AVAILABLE DATA below:

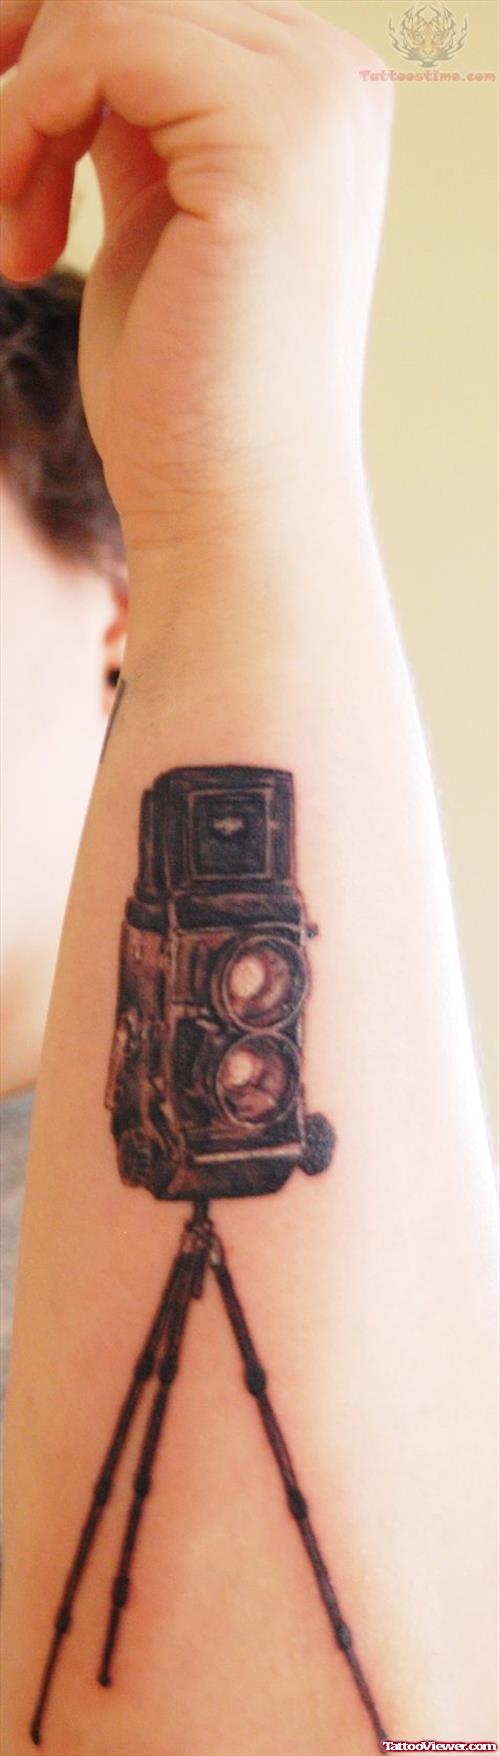 Video Camera Tattoo On Arm
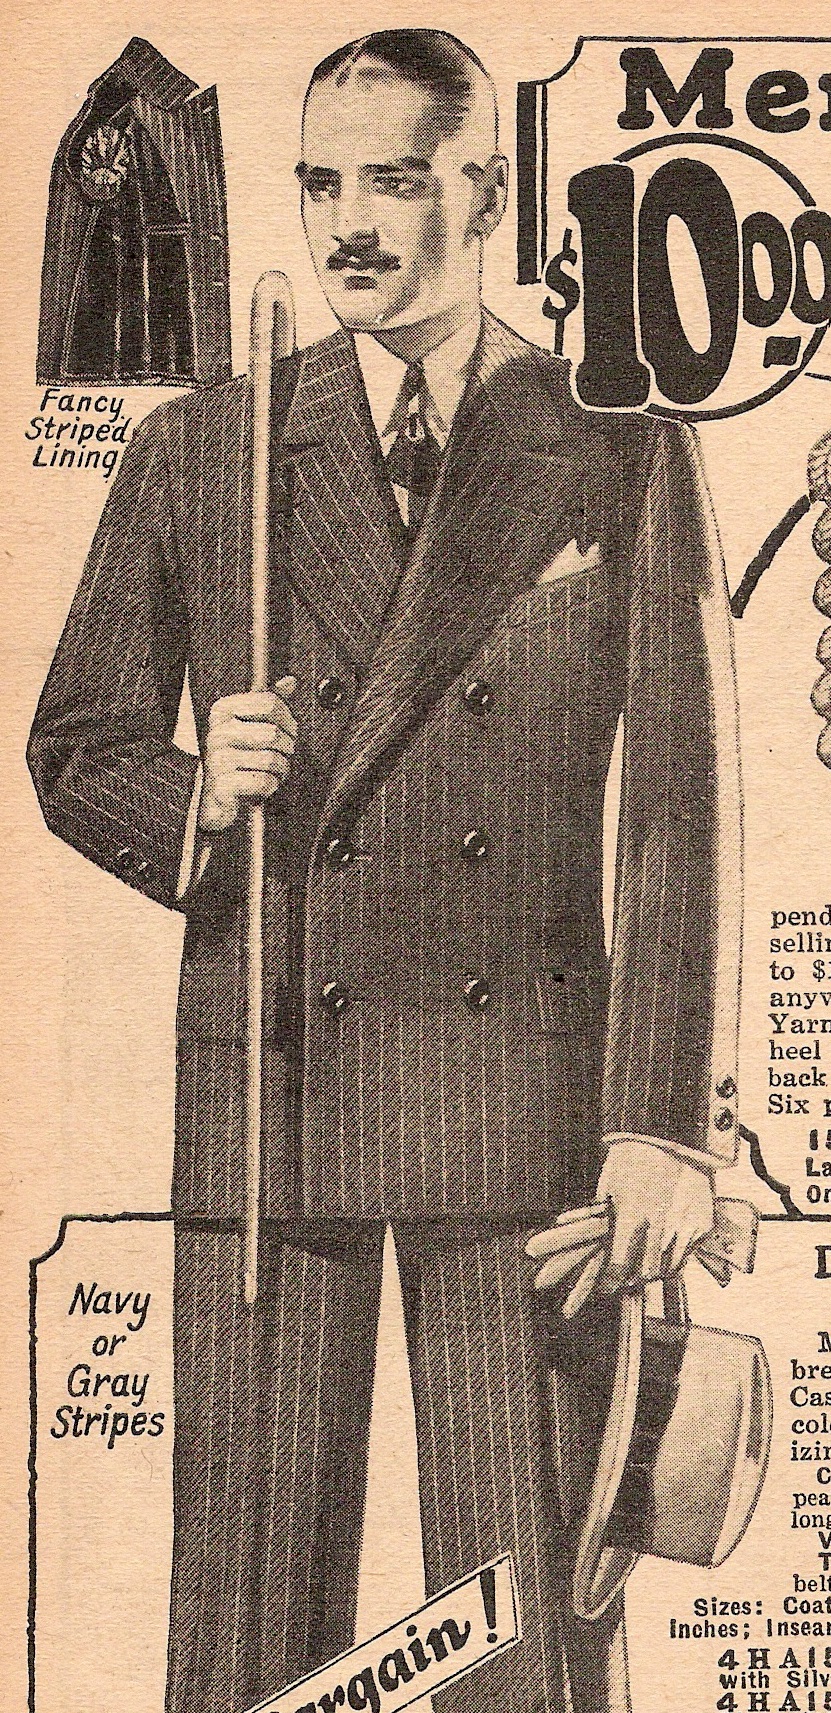 1920s Men’s Accessories History: Gloves, Watches, Belt, Spats, Sleeve Garters
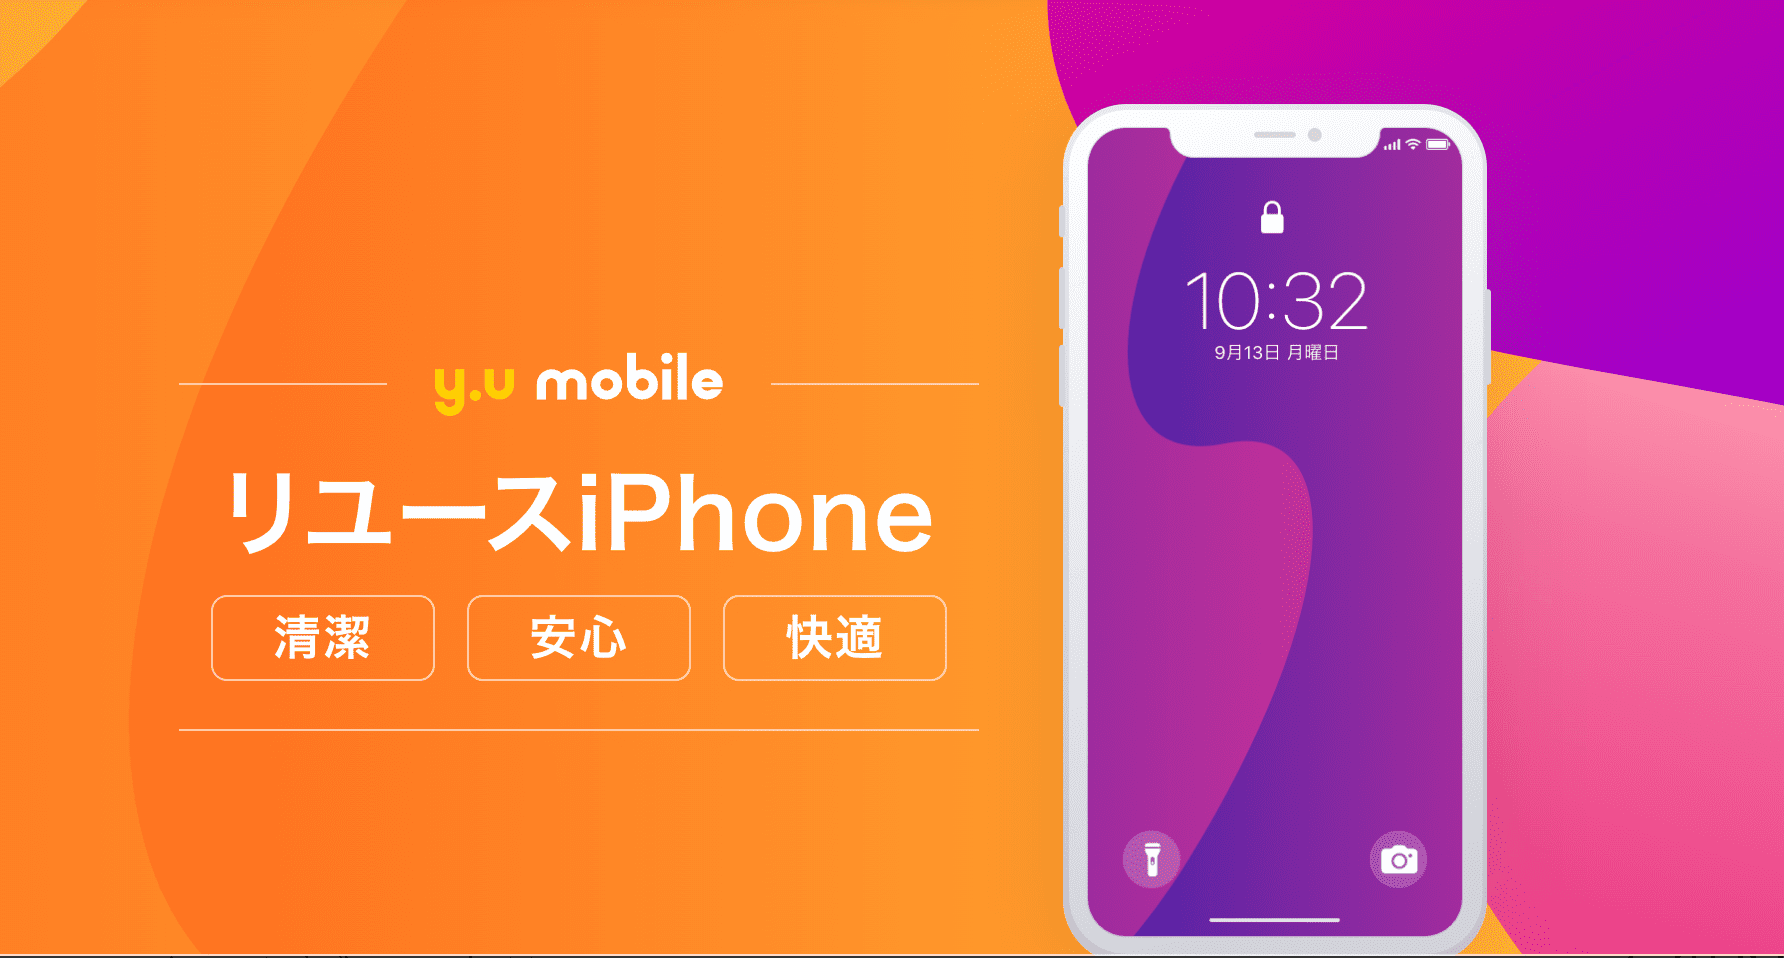 y.u mobile公式サイト

End of AVAILABLE DATA.

Return every line of the listing exactly, leaving its pictures behind.

 Video Camera Tattoo On Arm
 1920s Men’s Accessories History: Gloves, Watches, Belt, Spats, Sleeve Garters
 y.u mobile公式サイト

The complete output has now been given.